第10章 とある親子の物語

それは、あてもない旅だった。

ある日、とある町を散策していたらローラが突然こんな事を言い出した。

「トディ。僕に剣を買って。」

「剣…?なんでまたローラが。」

「僕、赤魔道士になりたいんだ。」

ローラの目は真剣だ。

「赤魔道士になって、トディを助けられるように強くなりたいんだ。」

そのローラの言葉が嬉しくて、ククロは首を縦に振った。

「わかった。武器屋に行こう。」

「やったー!ありがとうトディ!」

それからローラは、必死に剣や魔法の修行に励んだ。

戦いの中で覚えることもあれば、本などで知識を得て習得することもあった。

やがて、ローラが一人前の赤魔道士になる頃には、ローラは19歳の青年に成長していた。

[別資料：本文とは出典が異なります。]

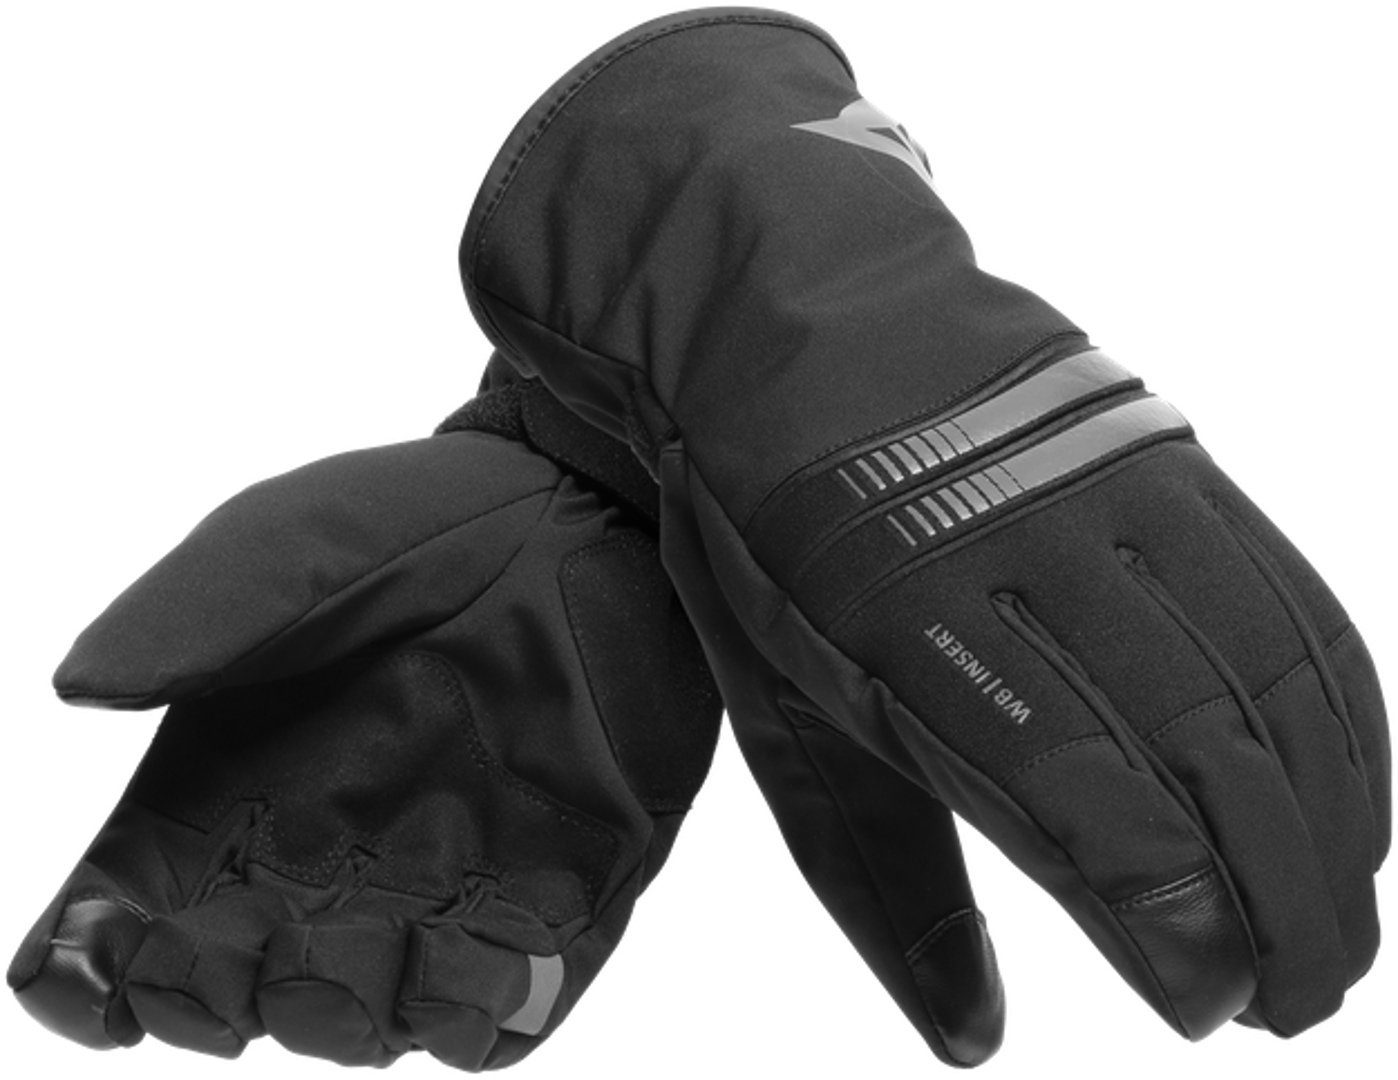 D-Dry Handschuhe Black/Anthracite 3 Plaza Dainese Motorrad Motorradhandschuhe

「ようやく一人前の赤魔道士になれたな、ローラ。それもほとんど独学で。君ほどの努力の天才を、僕は見た事がない。」

「えへへ……。これで私も、少しはトディを助けられるようになれたかな…。」

ローラは少し照れ笑いをした。

「えっ。『私』?」

「ああ。一人称を変えてみたんだ。これからはもっとしっかりした人間にならないと、トディを支えるなんて出来ないからね。」

ローラのその気持ちが、ククロは素直に嬉しかった。

「あてにしてるぞ。」

「私もね。トディ。」

この後も、ふたりの旅は4年間続いた。

後に親子ふたりだけの旅ではなくなることを、この時はまだ知らないままーーー……。





「それから君達と出会って……以上。めでたしめでたし。」

全て話し終わると、ローラはこう締めくくった。

「けっこう波乱万丈だな…。でも、ギード神父にまた会えて良かったな。」

ウェッジはしんみりした顔でローラに言った。

「うん。まさか再会できるとは思ってなかったよ…。でも、聖職者になってるとは思ってもみなかったな。」

ローラは微かに微笑んだ。

「えっと、ローラさんを拾われたのが19年前ってことは……。その時はククロさんは、31歳ですか?」

ルカが尋ねると、ククロは黙って頷いた。

「おっさんにも、そんな若かりし頃があったんだなー。」

「黙れクソガキ。」

ウェッジの軽口にククロは怒気を孕んだ静な声で言い返した。